I certainly don’t assume these scholars agree with Justice Alito on the result of this case (for instance, the conclusion may well be that the North Carolina Supreme Court was doing what it “has generally done in other cases,” or that it was not issuing rulings “so unpredictable or ungrounded,” to borrow the language of their tests). But I do note that the inquiries are closer to one another, rather than a sharp break with the assumptions in Rucho. And this is where the inquiry ought to be in the months ahead.

A lot of commentary is attacking a “strong” interpretation of the Legislature Thereof Clause. (And, to be fair, there’s been some very aggressive litigation on that front, especially after the 2020 election, advancing a “strong” interpretation.) But I think the issues at play in Moore–and the issues at play if the case is heard on certiorari and on a more leisurely timetable ahead of the 2024 election–will be narrower: Is there some outer bound of state judicial involvement, particularly when the state supreme court is not construing a specific antigerrymandering or districting clause?

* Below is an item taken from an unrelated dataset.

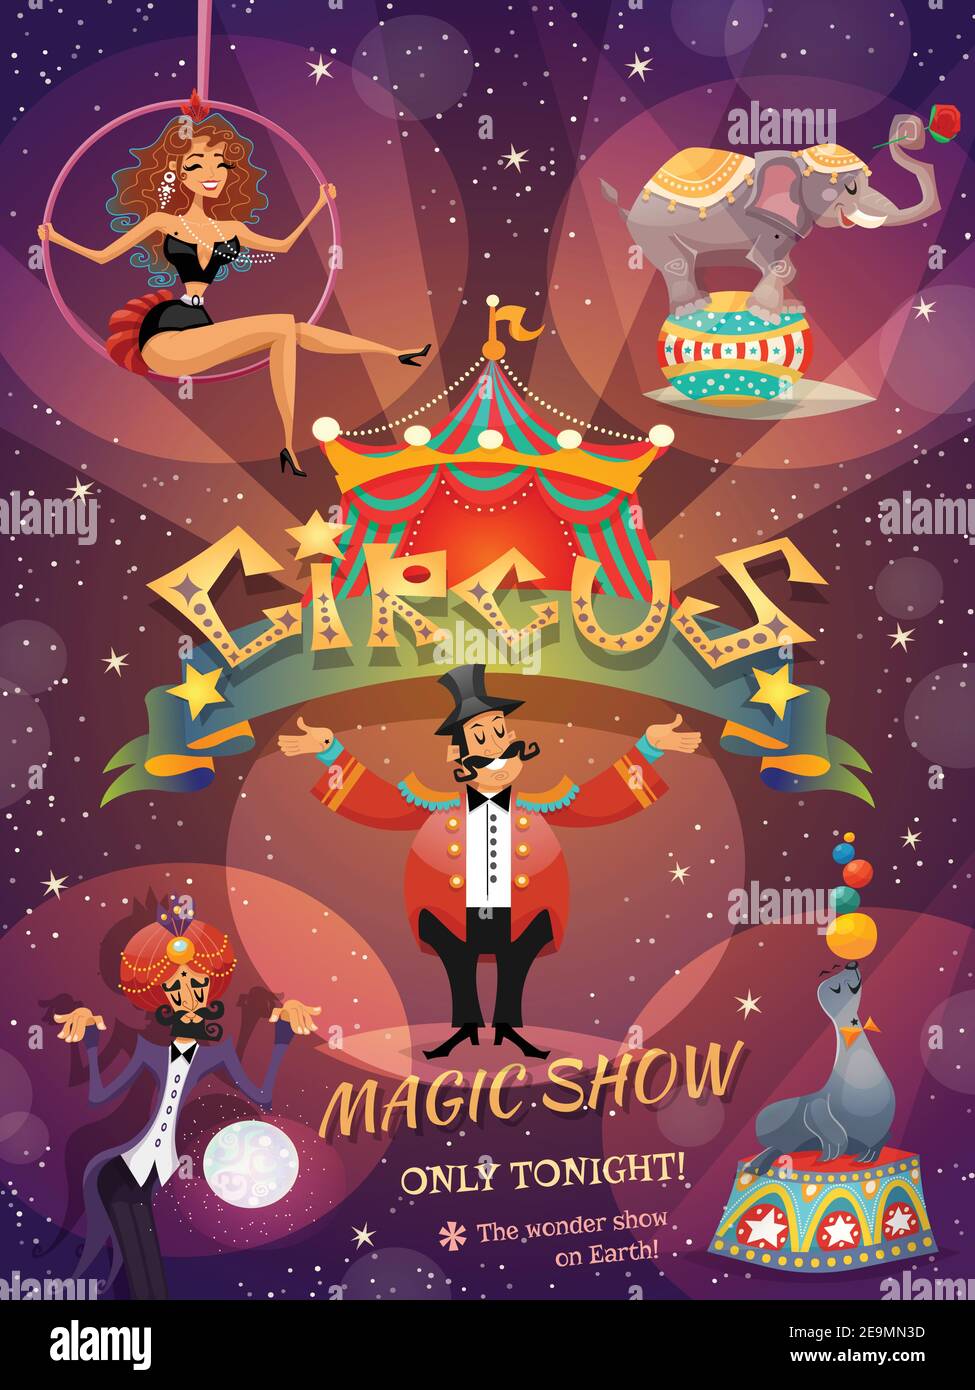 Circus show poster with acrobat animals and magician vector illustration Stock Vector

It might be that a majority of the Court rejects Justice Alito’s approach (as a majority rejected it in this emergency case, for any number of reasons, Purcell among them). There may be “some limit,” as Justice Alito writes, but even the North Carolina Supreme Court’s decision doesn’t traverse it. Freedom of speech or assembly provisions may be of sufficient guidance to state courts and provide sufficiently intelligible principles on districting to apply to federal elections. There may be five votes on the United States Supreme Court to simply leave the matters in the states–vote out judges, amend the state constitution, and so on. That’s not to say the impact may not be significant or important (indeed, five votes the other way, constraining state courts in the construction of their own constitutions, would be a significant restriction). But the formal legal battle, I think, may well be one narrower–and, I admit, one more difficult to articulate with precision.